Sundance’s EMC2-family is a range of industrial-grade and deployment-ready PC/104 boards that feature either a Xilinx Zynq SoC or Xilinx Artix/Kintex FPGAs.
The EMC2-KU35 is the latest member and has two banks of 16-bit DDR4 with close to 2Gbytes/sec bandwidth each. It also has four-lanes of PCI-Express and a VITA57.1 FMC-LPC module expansion for a range of COTS or bespoke I/O modules for custom expansion.
The FMC Module has one high-speed serial lane, running at up to 12.5Gbit that could be used for a 10Gbit Ethernet module. It also has 34x pairs of low-voltage differential parallel lines for interfacing to “real-world” interfaces, like analog/digital signals or various camera interfaces.
The EMC2-family is designed to the latest, yet long-established, PC/104 small-form-factor 90mm by 96mm boards called “OneBank” and, using PCI Express switches, allows an infinite number of boards to be stacked for very demanding applications.
The typical board-to-board bandwidth is above 500Mbytes/s and peak bandwidth is up 2Gbytes/s using the “OneBank” connectors, whereas a possible bandwidth to an FMC I/O module can exceed 6Gbytes/s.
“While the EMC2-Z7030 board with an ARM9 Zynq SoC is a single-board computer with some FPGA fabric for I/O and pre/post processing and is ideal for low-cost systems, the newly launched EMC2-KU35 provides a magnitude more performance,” says Sundance md Flemming Christensen,
The EMC2-KU35 can also combine with one of the many x86-based SBCs that are manufactured by PC/104 Consortium members. One such example is the Versalogic “Bengal” with Intel Atom E3845 quad-core running at 1.9GHz per core and supporting Windows 7 Embedded. Adding an FMC module with two Camera Link ports will provide interfaces to high-resolution and very fast cameras in a stereo-vision setup for autonomously controlled vehicles or planes.
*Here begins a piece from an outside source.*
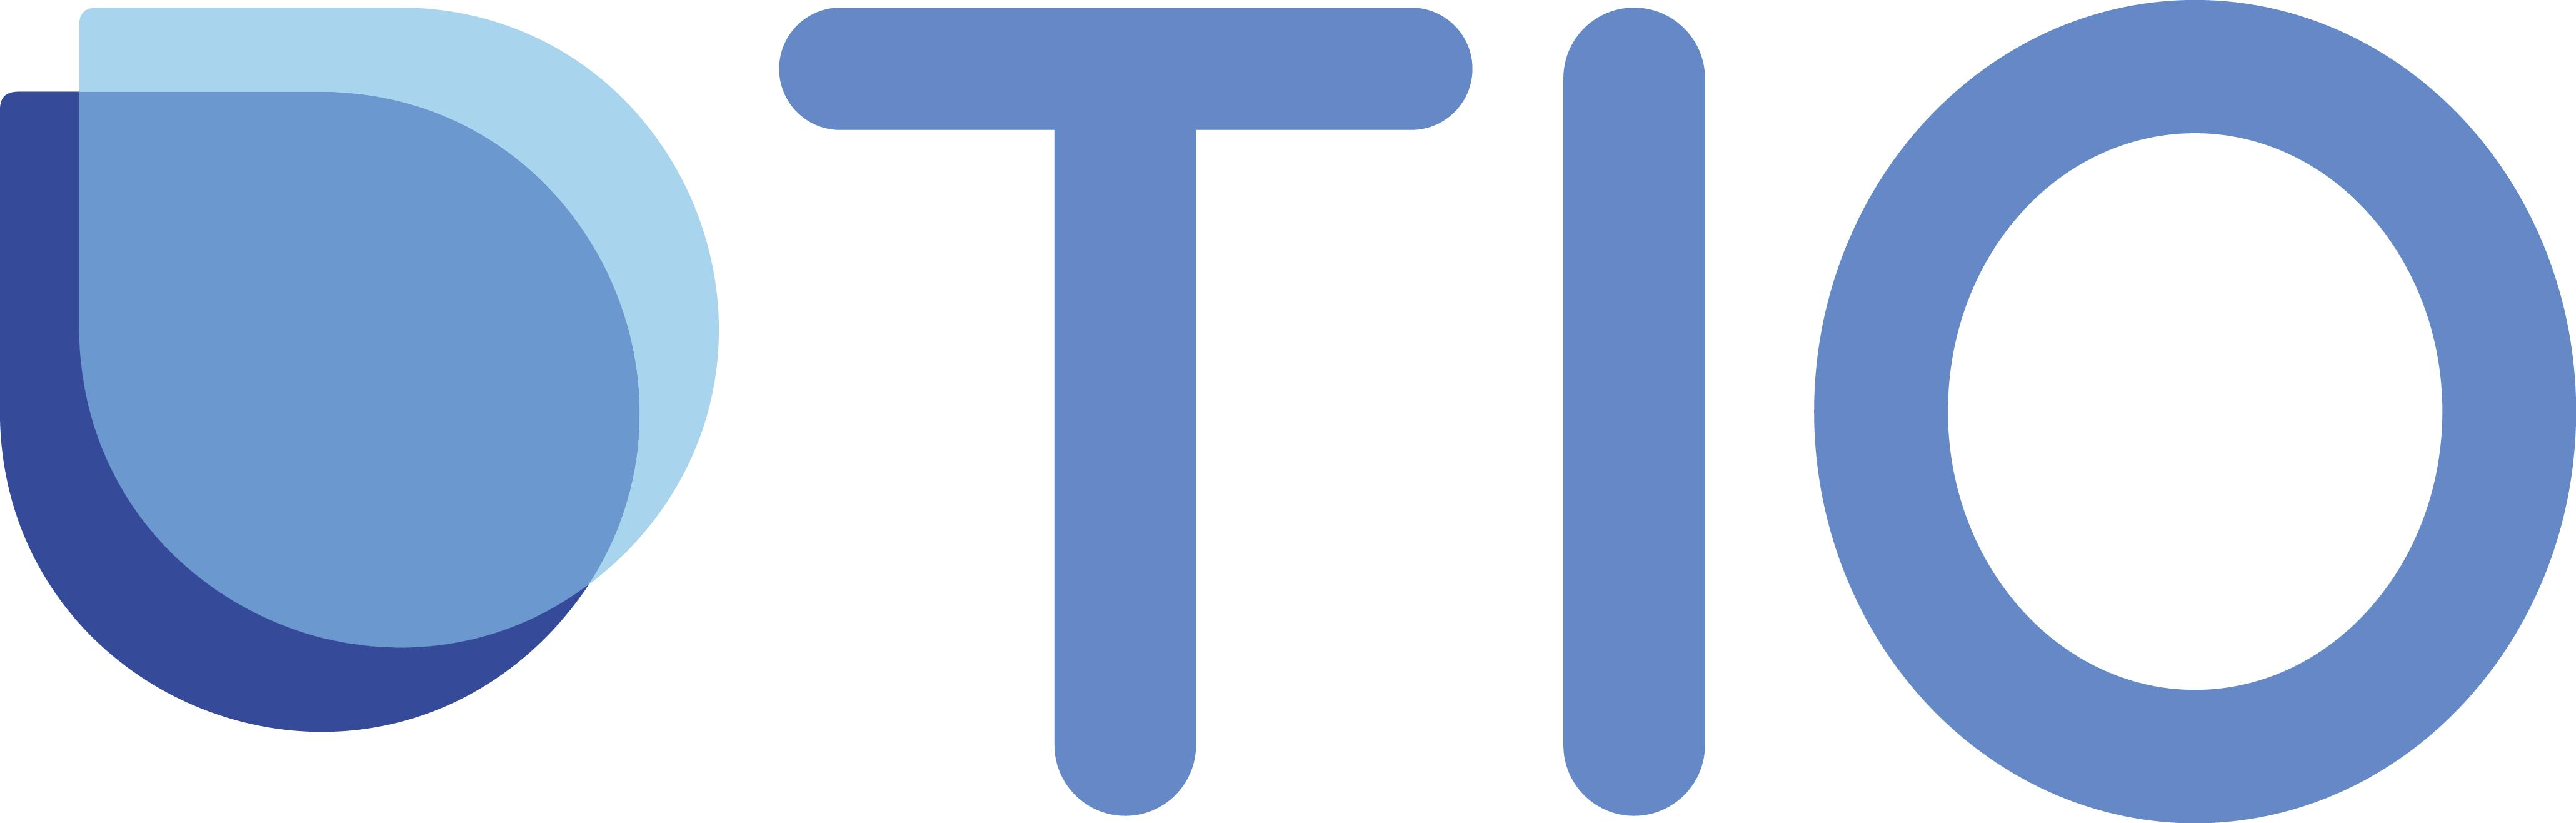 Topmoderne TIO biobaseret tandbørstehoveder til Braun Oral-B tandbørste. UC-11

The EMC2-family benefits significantly from the PC/104 stackable concept that allows multiple boards to be integrated into a multi-processing system using PCI Express or Ethernet for inter-connection between each board in the system for a heterogeneous and asymmetrical computing platform. The concept is being developed by Sundance as part of $100 million industry-wide EU R&D program into Embedded Multi-Core Systems for Mixed Criticality, the Artemis-EMC2 Project.
The EMC2-KU35 is priced at $3,225.00 for the extended industrial temperature variation and medium speed-grade of FPGA. Slower, faster and commercial variations are available. The 100+ price is below $1,800.00.